For machines with shorter words, it is sometimes faster to use a table-lookup, for example, with a 256 entry table giving the bitcounts for the integers from 0 to 255. Given this, you can sum the bitcounts of the bytes of a word. Ultimately, for each computer architecture, there are generally a few different bitcount implementations worth testing to see which is fastest.

### Reversing the bit order

The reverse operator could also be implemented by a simple loop, shifting the input value left while shifting the output value right. There is, however, a trick implementation of the reverse operator that is closely related to that given for the bitcount operator above:

```unsigned int reverse( unsigned int x ){
x = ((x & 0x55555555) <<  1) + ((x & 0xAAAAAAAA) >>  1);
x = ((x & 0x33333333) <<  2) + ((x & 0xCCCCCCCC) >>  2);
x = ((x & 0x0F0F0F0F) <<  4) + ((x & 0xF0F0F0F0) >>  4);
x = ((x & 0x00FF00FF) <<  8) + ((x & 0xFF00FF00) >>  8);
x = ((x             ) << 16) + ((x             ) >> 16);
return x;
}
```

The first line exchanges each pair of bits. The second line exchanges each consecutive pair of bit pairs. The third line exchanges each consecutive pair of 4-bit fields, and so on. The final line has been optimized to eliminate the need for extra constants, as was done for the bitcount operator.

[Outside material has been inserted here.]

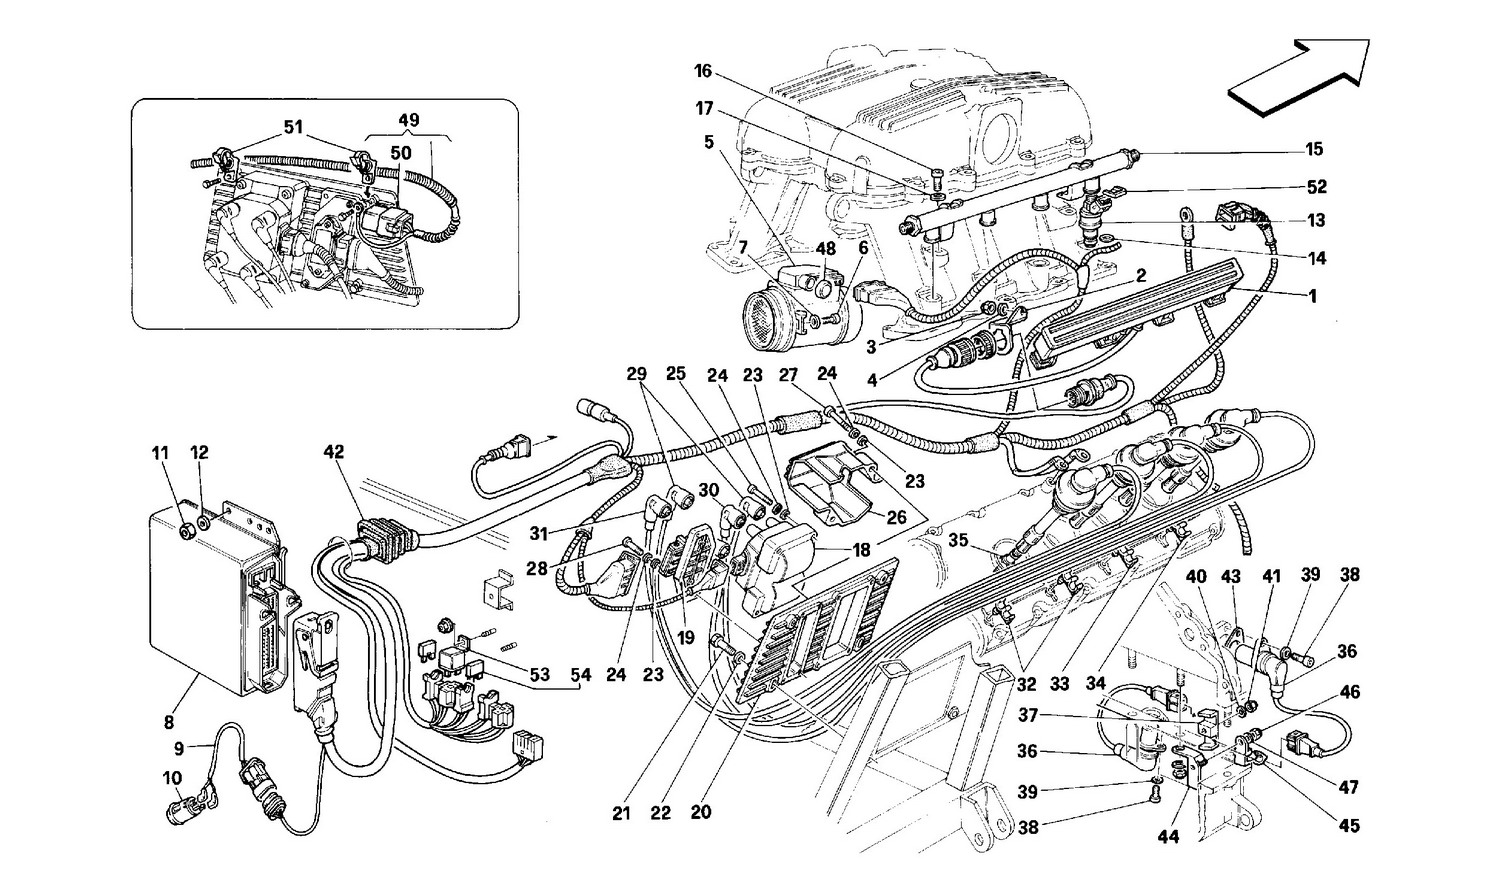 Schematic: Engine Ignition -Motronic 2.7-
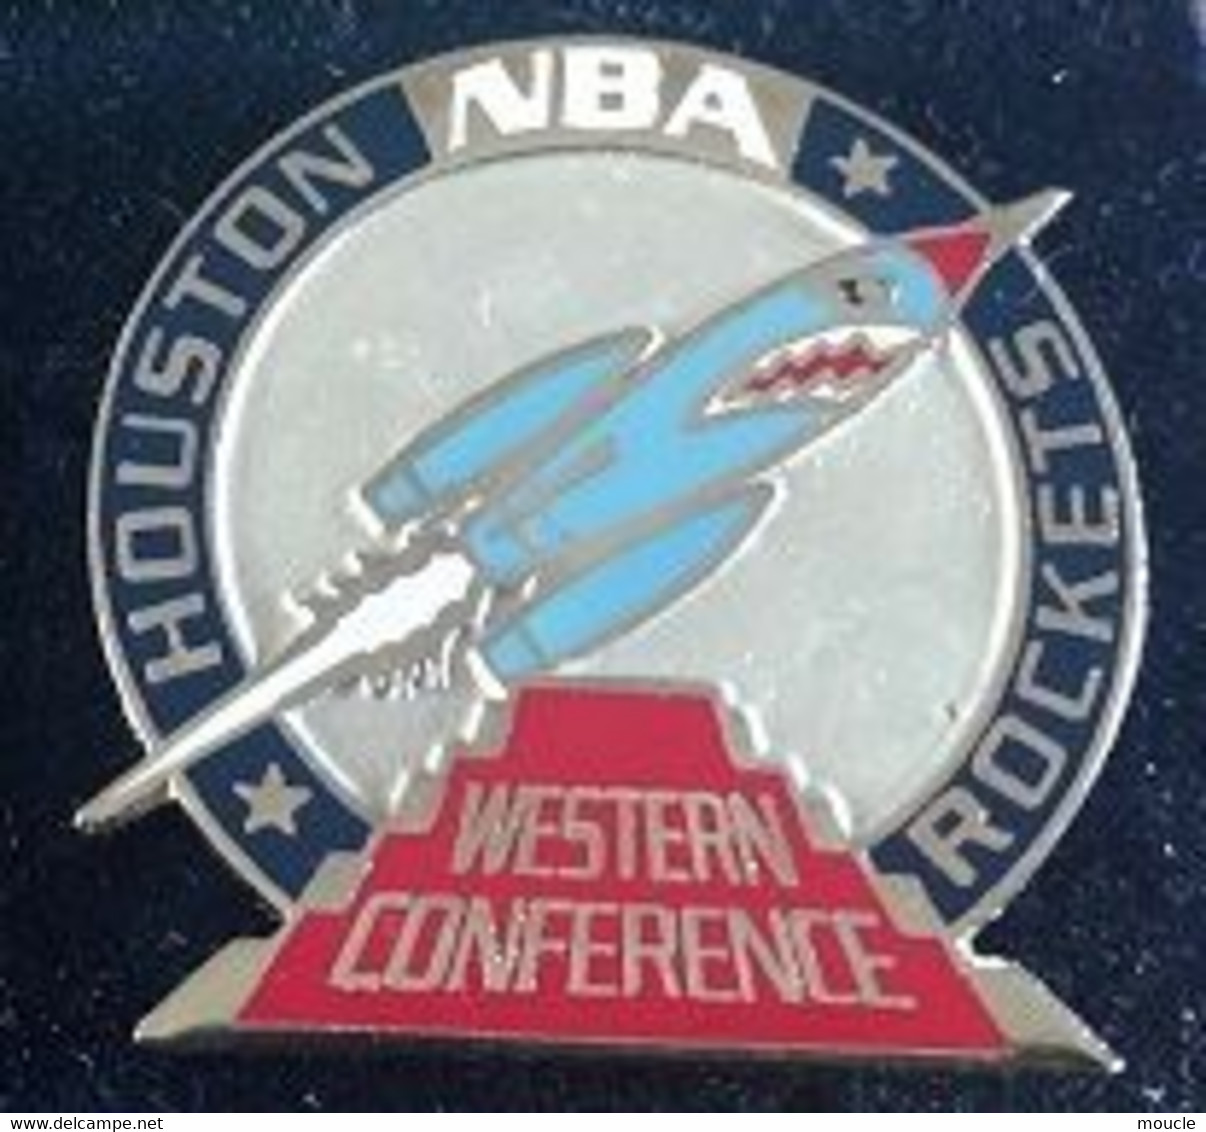 NBA - BASKETBALL - HOUSTON ROCKETS - WESTERN CONFERENCE - USA - ETATS UNIS AMERIQUE - LIMITED EDITION 10'000 - (30) - Basketball

Note that, if several bitcount and reverse operations are needed, there is value to expanding them as inline macros so that an optimizing compiler can load the obscure constants into registers just once and then use them over and over.

As with the bitcount operator, on machines with a shorter word, a table lookup can be competitive, for example, using a 256 entry table to reverse the order of bits in each byte. Trial and error is generally the best way to figure out which algorithm will win in any particular context.